In October 2010, FBI declared that using Zeus, hackers in Eastern Europe infected computers around the world. The virus was spread in the e-mails, and when targeted individuals at municipalities and businesses opened the e-mail, the trojan software installed itself on the victimized PC, secretly capturing passwords, account numbers, and other data used to log into online banking accounts. It is still active now. The hackers used this info to take possession of the victims’ bank accounts and make unauthorized transfers, often routing the funds to other accounts controlled by a network of “money mules.” Many of the USA money mules were gained from overseas. They made bank accounts using fake documents and names. Once the money was in their accounts, the mules could either wire it back to their chiefs in Eastern Europe, or turn it into cash and smuggle it out of the country. They were paid a commission for this work.

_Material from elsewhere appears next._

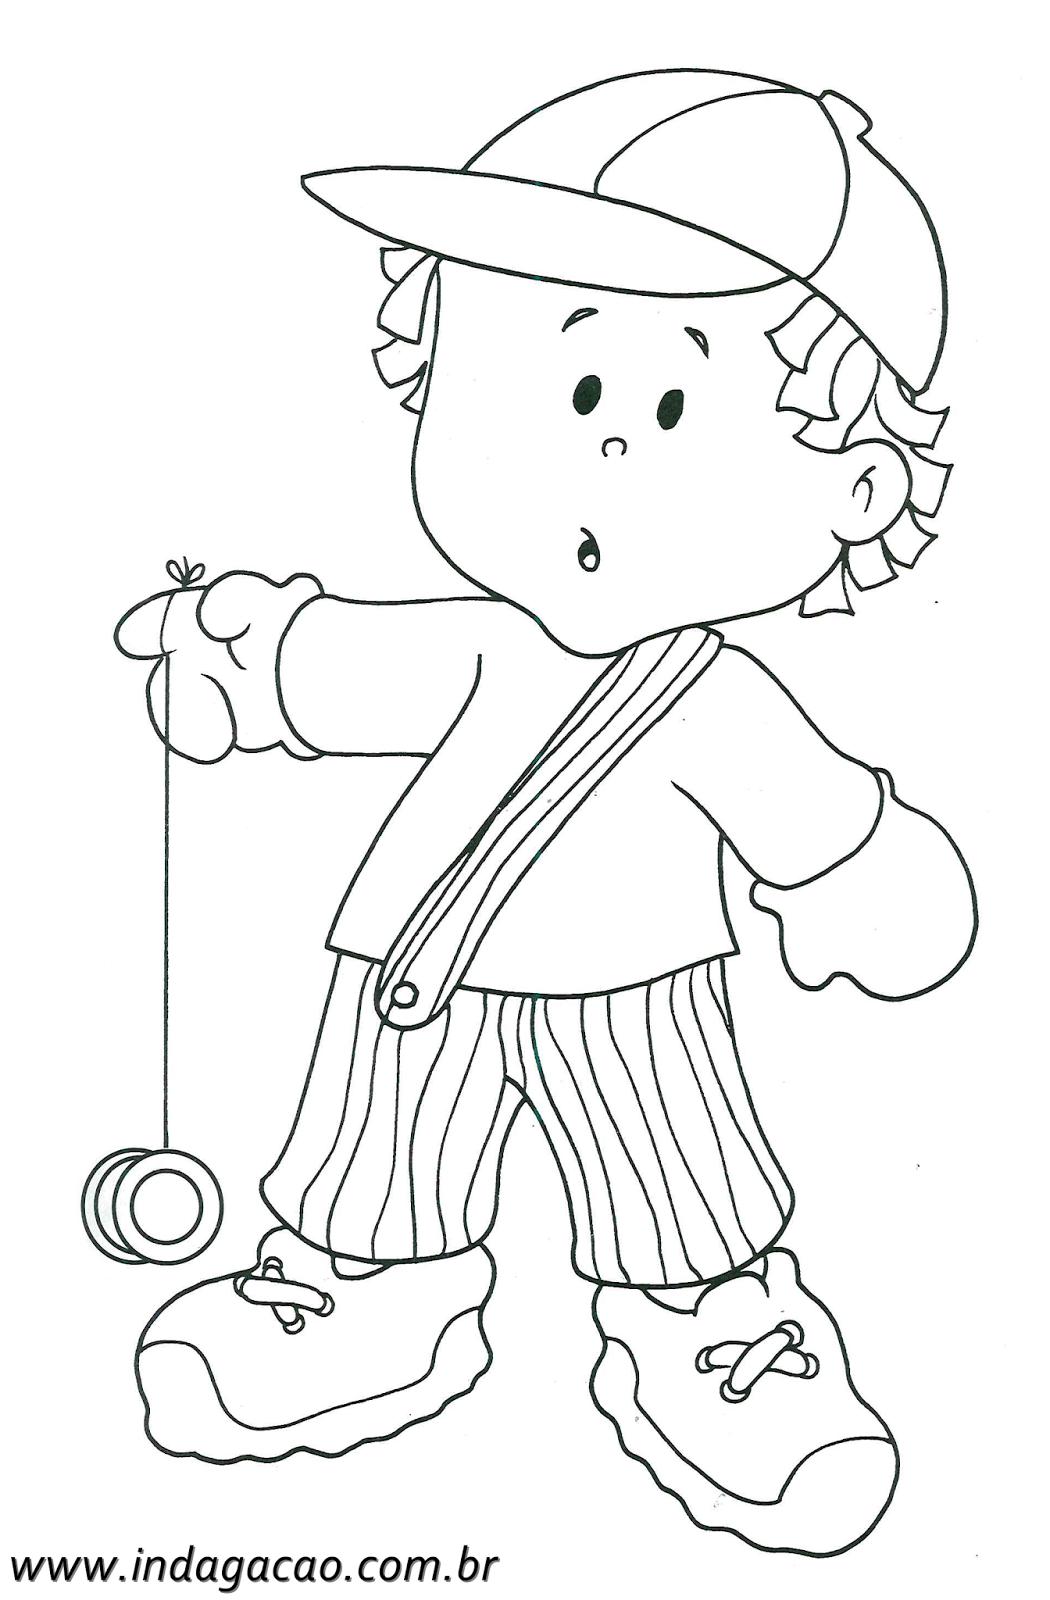 Desenho De Menino Brincando Com Ioio Para Colorir Baixar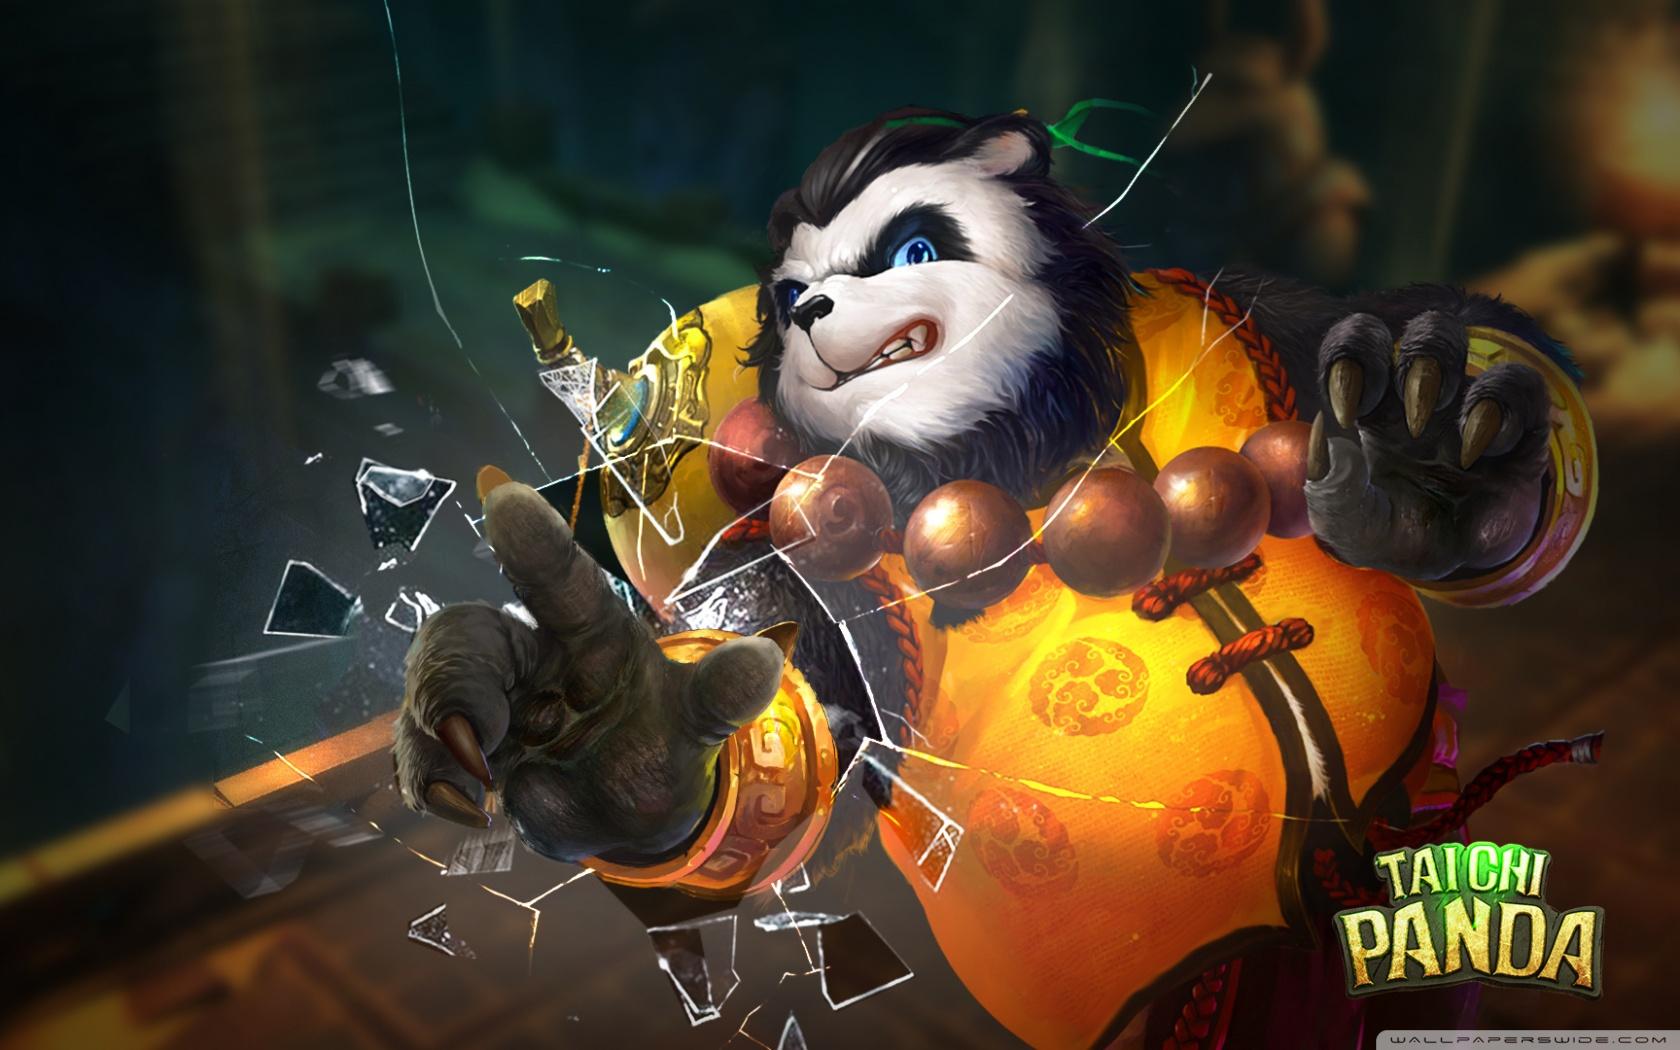 Free Taichi Panda phone wallpaper by MossyRedOak88

Law enforcement agencies say that over 60 people have been charged with trying to siphon millions of dollars out of banks by using the Zeus. There were about 11 of the arrests in NY City, according to the Federal Bureau of Investigation and the NY City police department. It also appears that these busts are related to a crackdown in London in which 19 people were blamed of being part of a cybercrime ring which stole nearly 6 million from UK banks.
On July 14, 2010, security company Trusteer filed a report that says that the credit cards of more than 15 unnamed US banks have been compromised. On 1 October 2010, FBI announced it had detected a major international cyber crime network which had used the Zeus to hack into US PCs and steal nearly $70m. More than 100 people were arrested on charges of conspiracy to commit bank fraud and money laundering. Of those, over 90 were in the United States, and some arrests were made in United Kingdom and Ukraine.